Extended Regular Expressions (ERE). This is the syntax used by awk and egrep (or grep -E), as well as by Bash's [[ ... =~ ... ]] operator. Even some versions of sed can handle these -- mainly GNU sed (with -r or -E) and BSD sed (with -E).
ERE a+ matches a or aa or .... It does not match the empty string. In other words, the + means "one or more".
ERE ab? is equivalent to regular expression a(b|). It matches a or ab. In other words, the ? means "optionally once".
ERE a{3} is equivalent to regular expression aaa. It matches aaa only. In other words, "exactly three times".
ERE a{3,} is equivalent to regular expression aaaa*. It matches aaa or aaaa or any longer sequence of as. In other words, "three or more times".
ERE a{,3} is equivalent to regular expression |a|aa|aaa. It matches the empty string or a or aa or aaa. In other words, "up to three times".
ERE a{3,5} is equivalent to regular expression aaa|aaaa|aaaaa. In other words, "between three and five times".
Tcl's Advanced Regular Expressions (ARE).
Extended globs ("extglob") qualify as regular expressions; they have closure, union and grouping operators. The syntax is different from that of EREs -- extended globs use a prefix notation (where the operator appears before its operands), rather than postfix like EREs.
Extglob @(foo|bar) matches either foo or bar. (Union.)
Extglob *(foo) matches 0 or more instances of foo. (Closure.)
Extglob ?(foo) matches 0 or 1 instance of foo. (Like the ? operator in ERE.)

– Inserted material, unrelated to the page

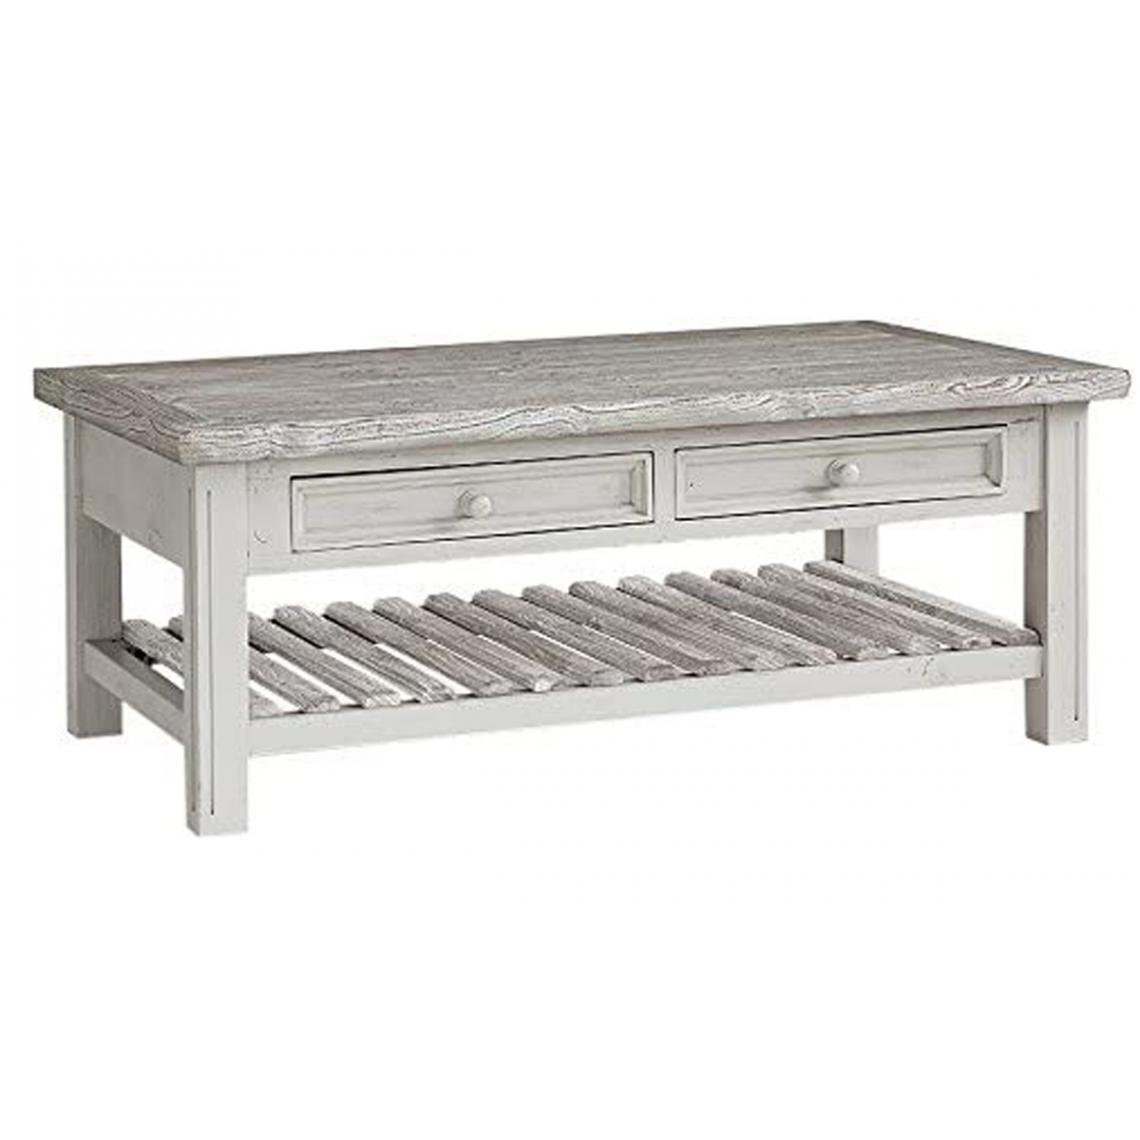 Pegane - Table basse en pin coloris blanc - L.140 x H.55 x P.80 cm - Tables basses

In most implementations, regular expressions are not anchored by default. This means the expression can match any part of the input string, rather than the entire input string. Thus, the BRE abc used in grep (for example) would match the input string abcdefg. If you want grep to act differently, you must specify whether your expressions are anchored at the start of a line, at the end of a line, or both:
grep '^abc' matches an input line of abcde but not 42abc or 42abcde. The ^ at the start of a BRE or ERE causes the expression to be anchored at the start of a line.
grep 'xyz$' matches an input line of tuvwxyz but not xyzzy. The $ at the end of a BRE or ERE anchors the expression at the end of a line.
grep '^abc$' matches an input line of abc only. The expression is anchored at both the start and end of a line.